Penetapan 16 objek cagar budaya baru ini menegaskan komitmen berkelanjutan Pemerintah Provinsi DKI Jakarta dalam melestarikan warisan sejarah. Mochamad Miftahulloh Tamary menekankan bahwa objek-objek ini memiliki nilai penting bagi perjalanan Jakarta. Nilai tersebut tidak hanya sebagai peninggalan fisik, tetapi juga sebagai sumber pengetahuan, pendidikan, dan pembentuk karakter masyarakat.

Proses penetapan objek cagar budaya ini tidak dilakukan secara sembarangan. Setiap objek telah melewati verifikasi ketat oleh Tim Ahli Cagar Budaya (TACB) DKI Jakarta. Tim ini memastikan bahwa objek-objek tersebut memenuhi kriteria sebagai cagar budaya.

Melalui penetapan ini, Pemerintah Provinsi DKI Jakarta berharap dapat memperkuat kesadaran publik akan pentingnya warisan budaya. Hal ini juga bertujuan untuk mendorong partisipasi aktif masyarakat dalam menjaga kelestarian aset-aset bersejarah.

Dengan penambahan 16 objek baru ini, total registri cagar budaya Jakarta kini mencapai 322 objek. Jumlah tersebut meliputi 21 benda budaya, 266 bangunan, 31 struktur, dua situs, dan dua kawasan atau zona warisan yang telah ditetapkan di seluruh kota.

Dinas Kebudayaan DKI Jakarta akan terus aktif mengumpulkan data dan melakukan studi lebih lanjut. Tujuan utamanya adalah mengidentifikasi potensi objek warisan lainnya di masa depan.

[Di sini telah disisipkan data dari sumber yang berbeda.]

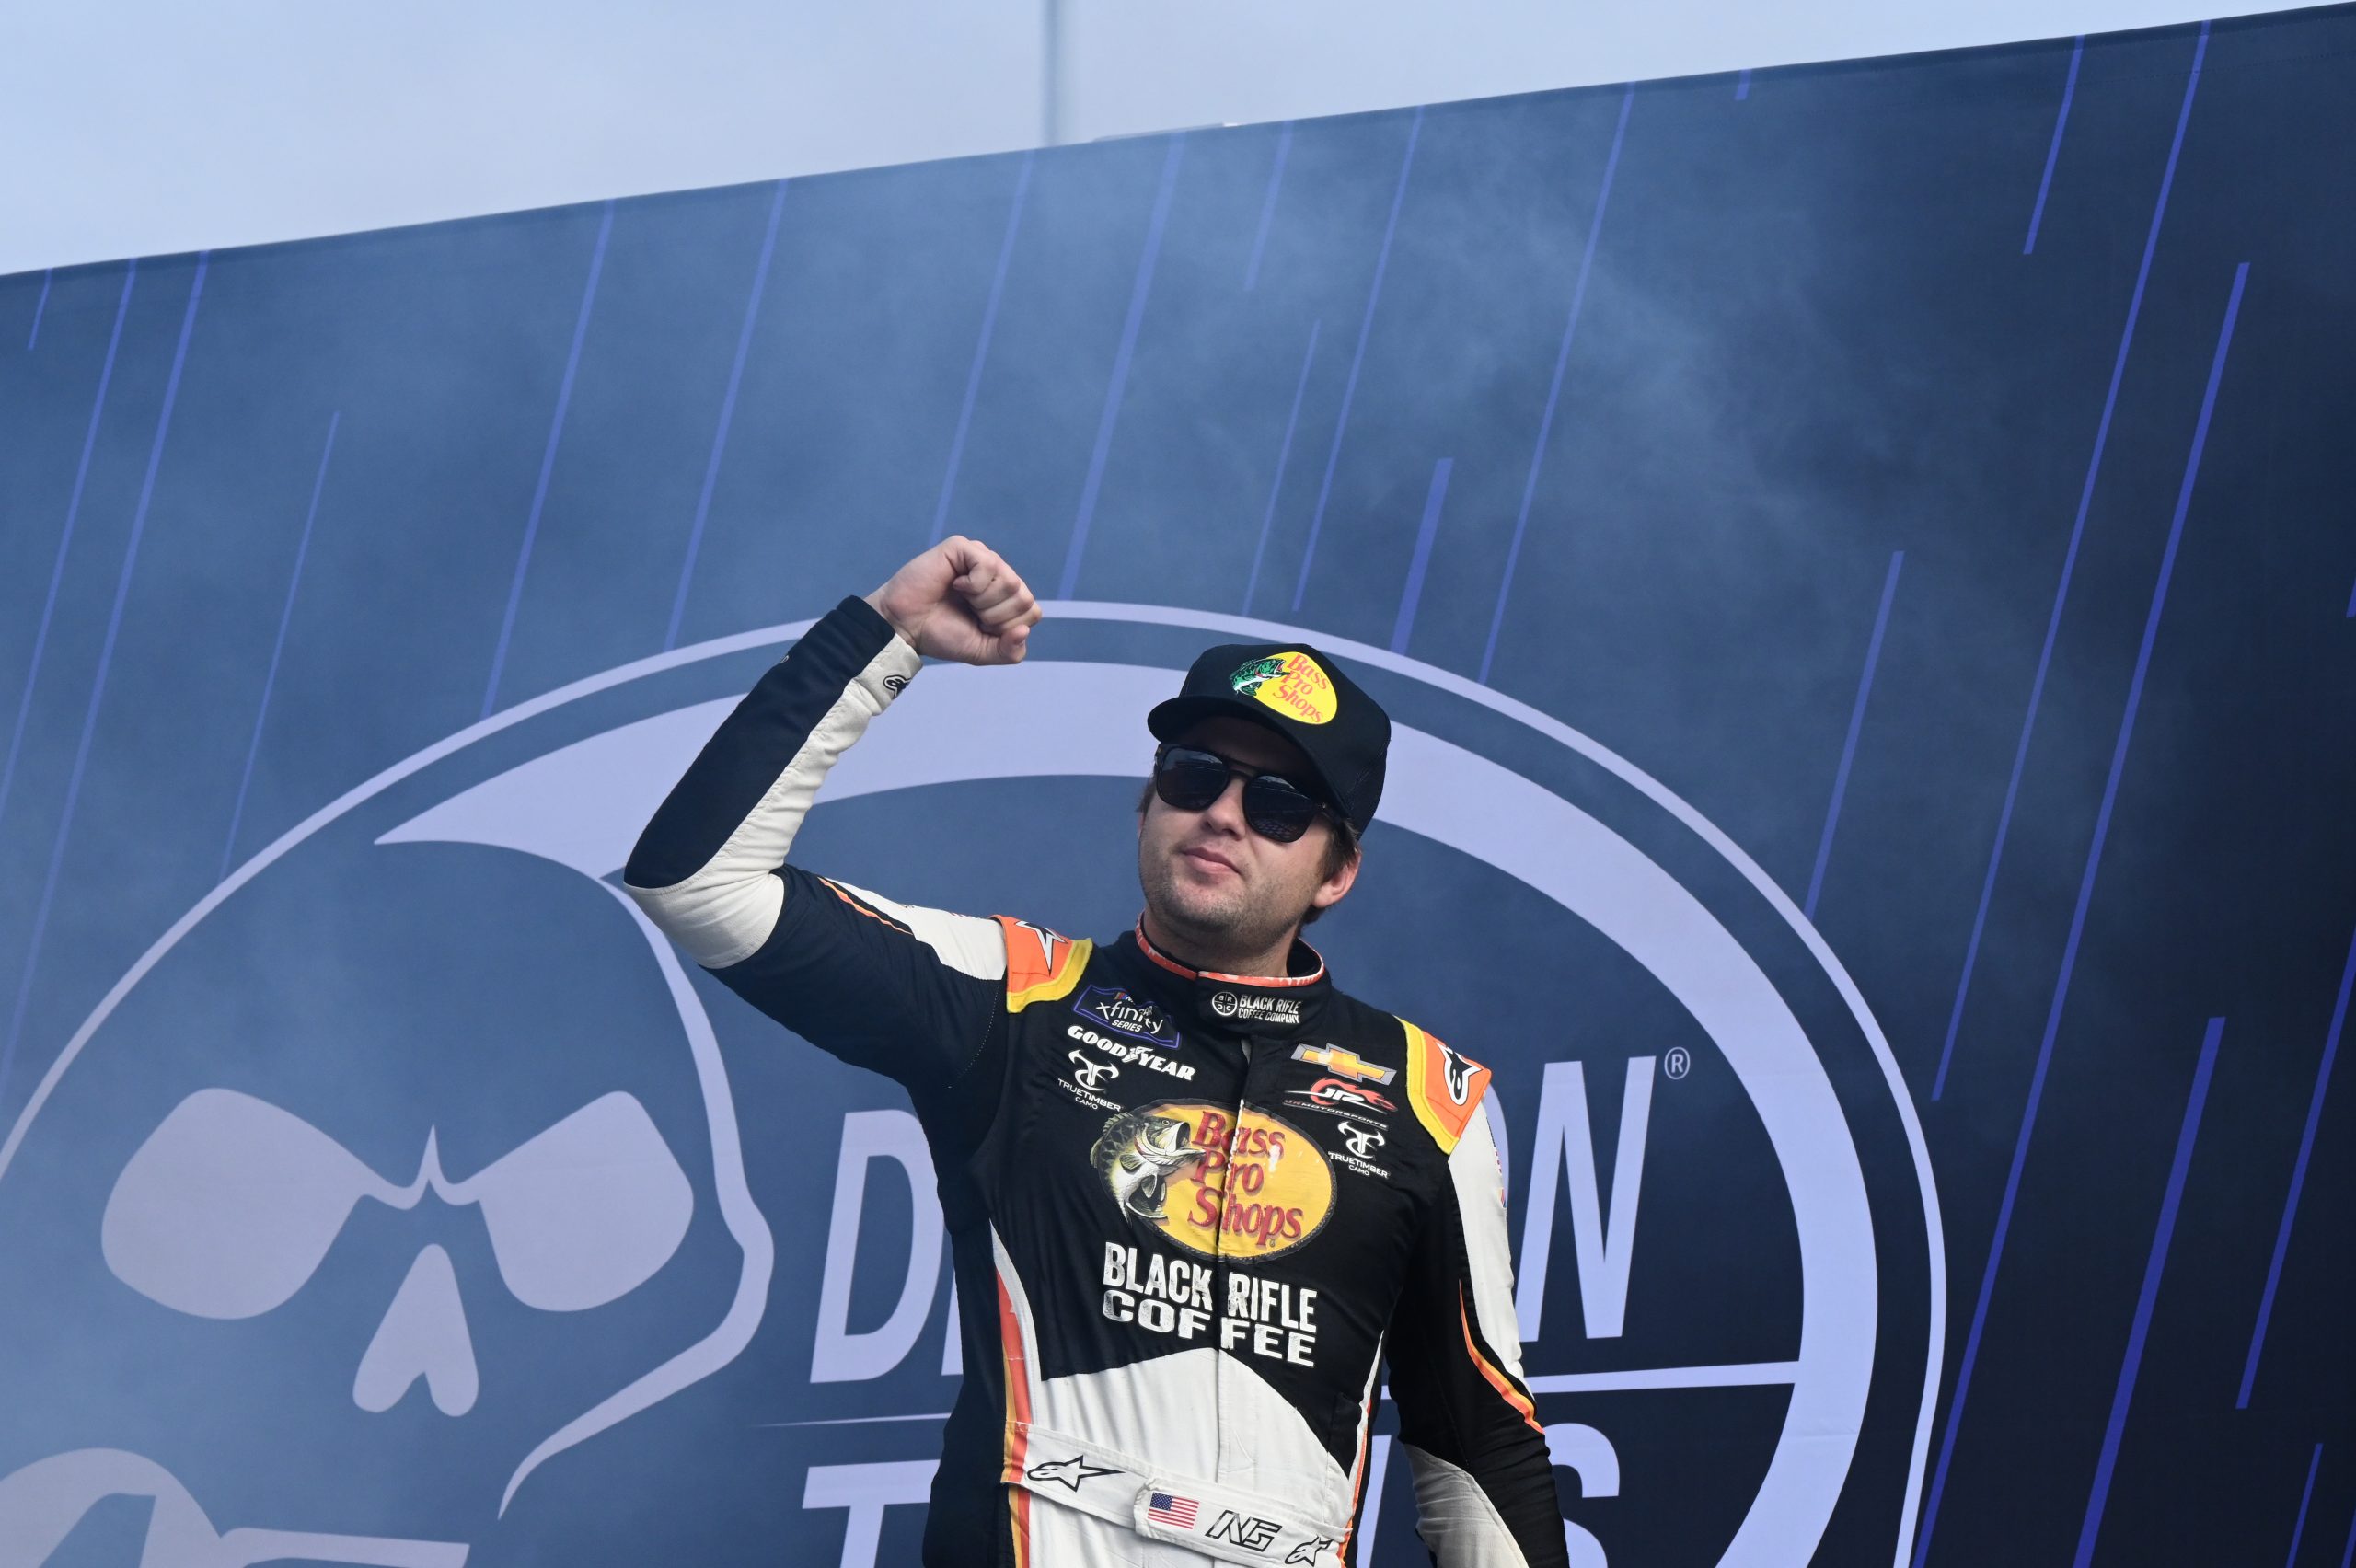 Noah Gragson hopes to close out his JR Motorsports tenure as a champion. (Photo: Kevin Ritchie | The Podium Finish)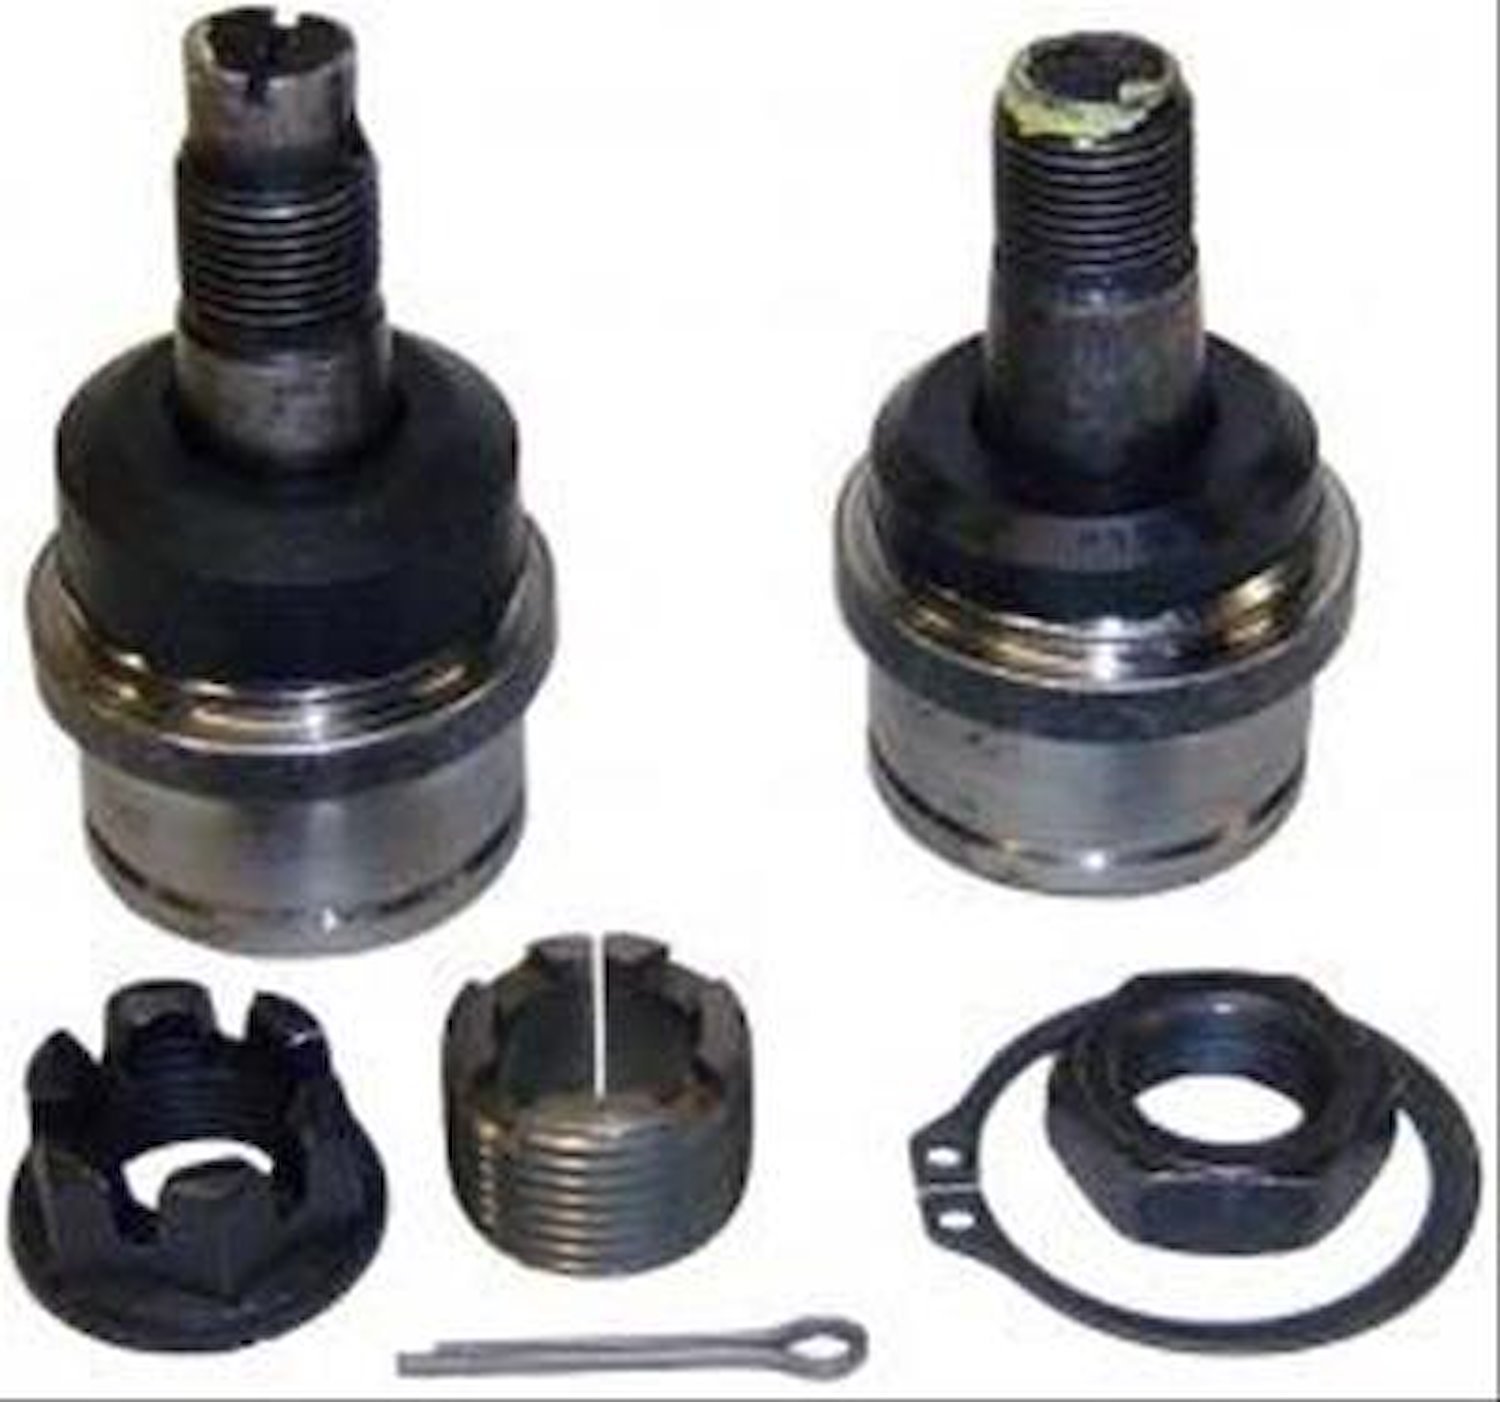 Suspension Ball Joint Kit Fits Select AMC, Dodge, Ford, GM, International, Jeep Applications

Selain itu, Dinas Kebudayaan DKI Jakarta juga akan memberikan dukungan penuh kepada pemilik dan pengelola properti. Dukungan ini bertujuan untuk memastikan pelestarian situs-situs yang telah ditetapkan sesuai dengan undang-undang dan peraturan cagar budaya yang berlaku.

Ke-16 objek cagar budaya yang baru ditetapkan menunjukkan keragaman kekayaan sejarah Jakarta. Di antara 13 bangunan cagar budaya yang ditetapkan, beberapa di antaranya adalah Rumah Sakit PGI dan kapelnya di Cikini, Gereja Anglikan Indonesia, serta Gereja Katolik Santa Theresia.

Daftar bangunan lainnya mencakup Gedung Pusat Konservasi Cagar Budaya, Menara Air Balai Yasa Manggarai, Gedung Nusantara, SMP Negeri 3 Jakarta, Pantjoran Tea House, dan SD Negeri Gunung 05 Pagi. Beberapa landmark bersejarah yang turut ditetapkan adalah Istana Merdeka, Istana Negara, dan Gedung Sarinah.

Sementara itu, dua struktur yang baru ditetapkan meliputi Reruntuhan Menara Martello di Pulau Kelor dan Makam Mohammad Hoesni Thamrin. Satu-satunya benda budaya yang ditambahkan ke daftar adalah Patung Chairil Anwar yang berlokasi di Jakarta Pusat.